President Barack Obama is enlisting activists and labor leaders in a push for comprehensive immigration legislation that will showcase Republican opposition and include a major speech by the president.
The strategy was discussed during a meeting Monday by a range of prominent labor leaders and activist groups. Participants said Obama reiterated his support for immigration legislation but noted the political realities that have stalled it in Congress.
Latino leaders say they will work in coming months to pressure Republicans to give way and support an immigration bill — and make opponents pay at the ballot box if they don't.
"We're going to make absolutely crystal clear who's at fault here," said Eliseo Medina, a leader of the Service Employees International Union.
Even so, prospects for passage of comprehensive immigration legislation look bleak this election year, and even many Democrats are wary of wading into the hot-button issue. But Obama, who pledged as a candidate to make immigration reform a top priority during his first year in office, faces pressure from the Hispanic community to act — or at least to try.

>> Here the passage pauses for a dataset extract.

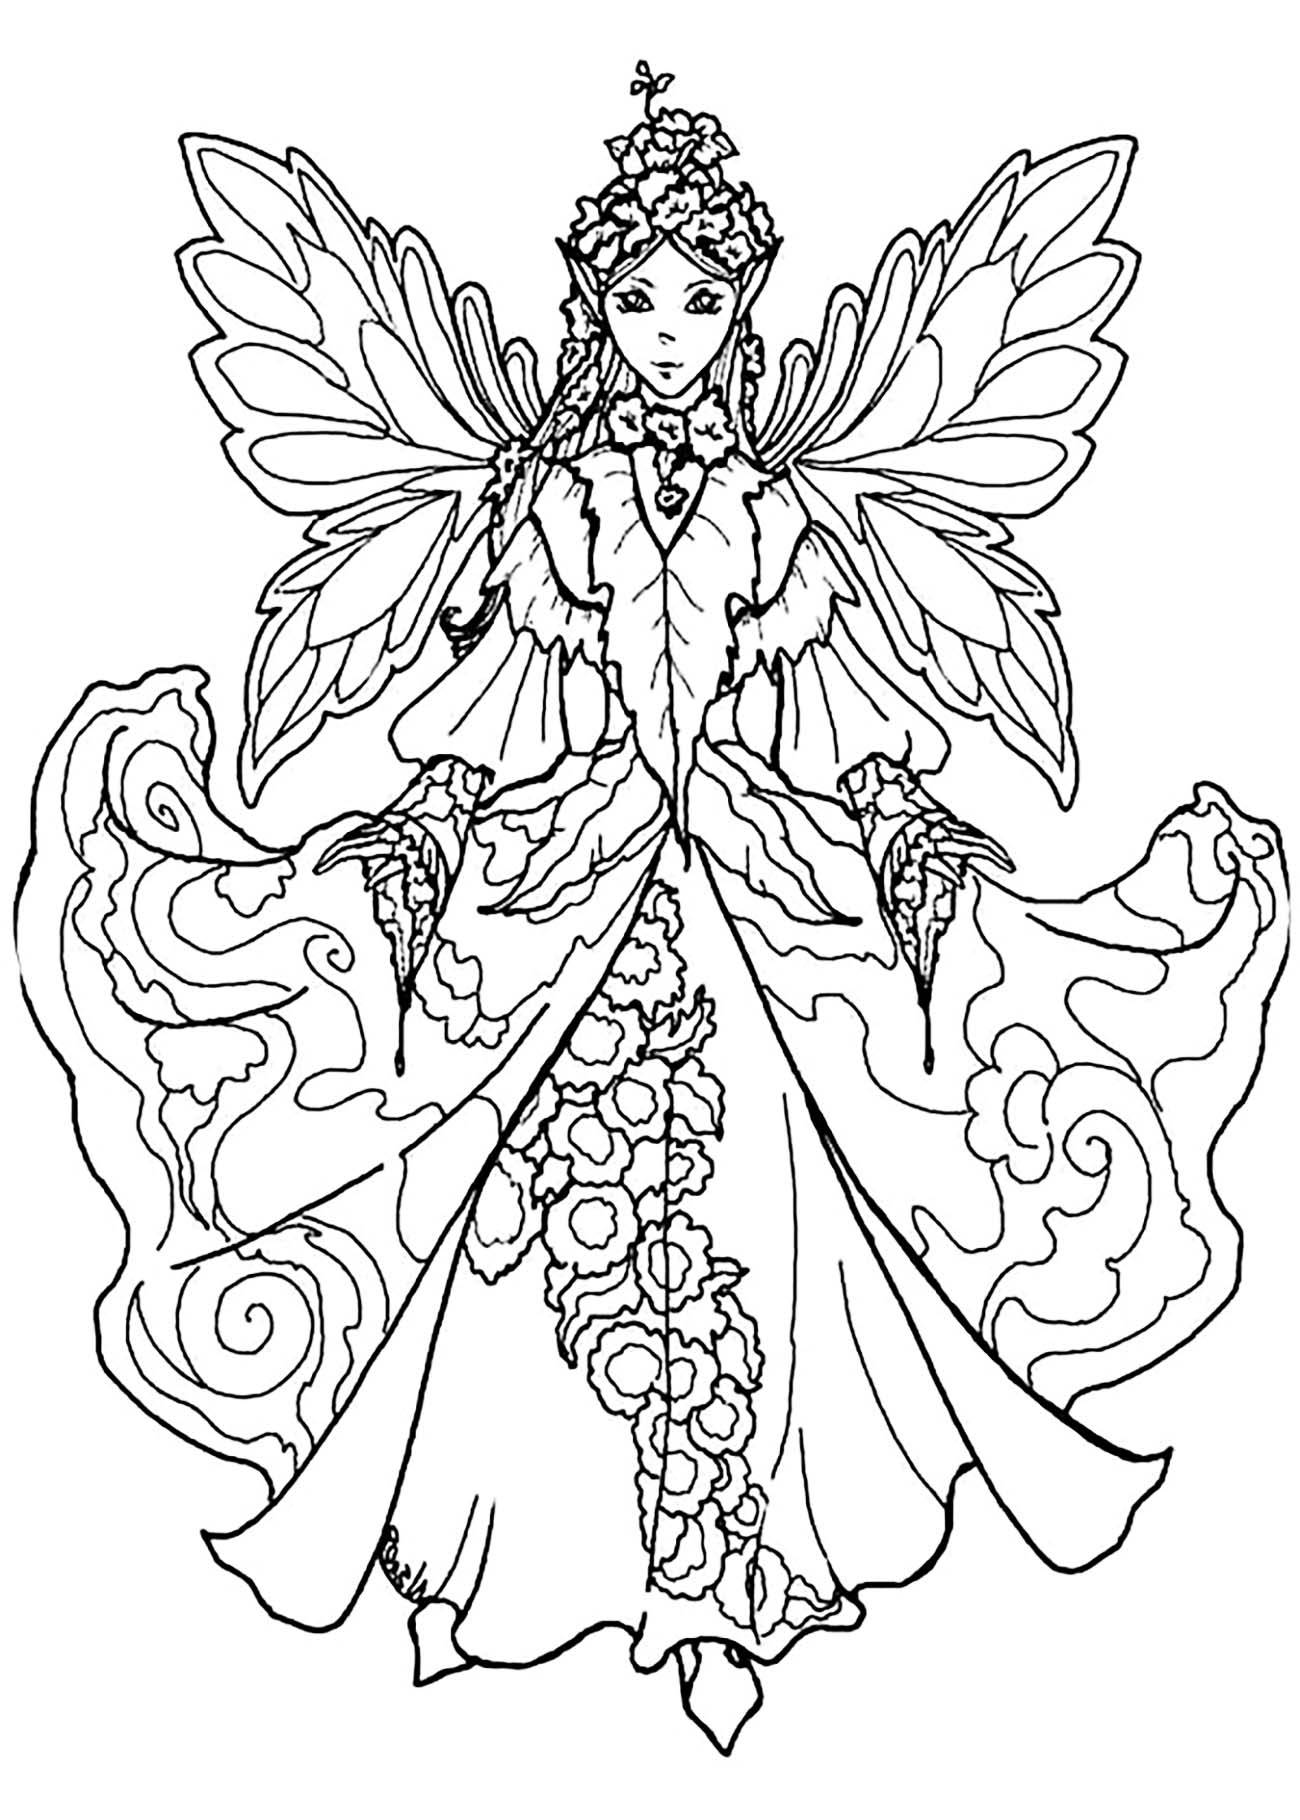 Coloring page fairy with impressive dress

That's only intensified in the wake of Arizona's passage of a controversial law that requires police officers to question a person's immigration status if there's reason to suspect the person is in the country illegally. Obama has spoken out against the law and asked the Justice Department to examine its legality. Activists anticipate that the Justice Department will sue to overturn the law, but in Monday's meeting Obama said that decision would be left up to the department, and he didn't give a timeline, participants said.
The White House said Obama would deliver a speech soon on "the importance of passing comprehensive immigration reform" but didn't give more details.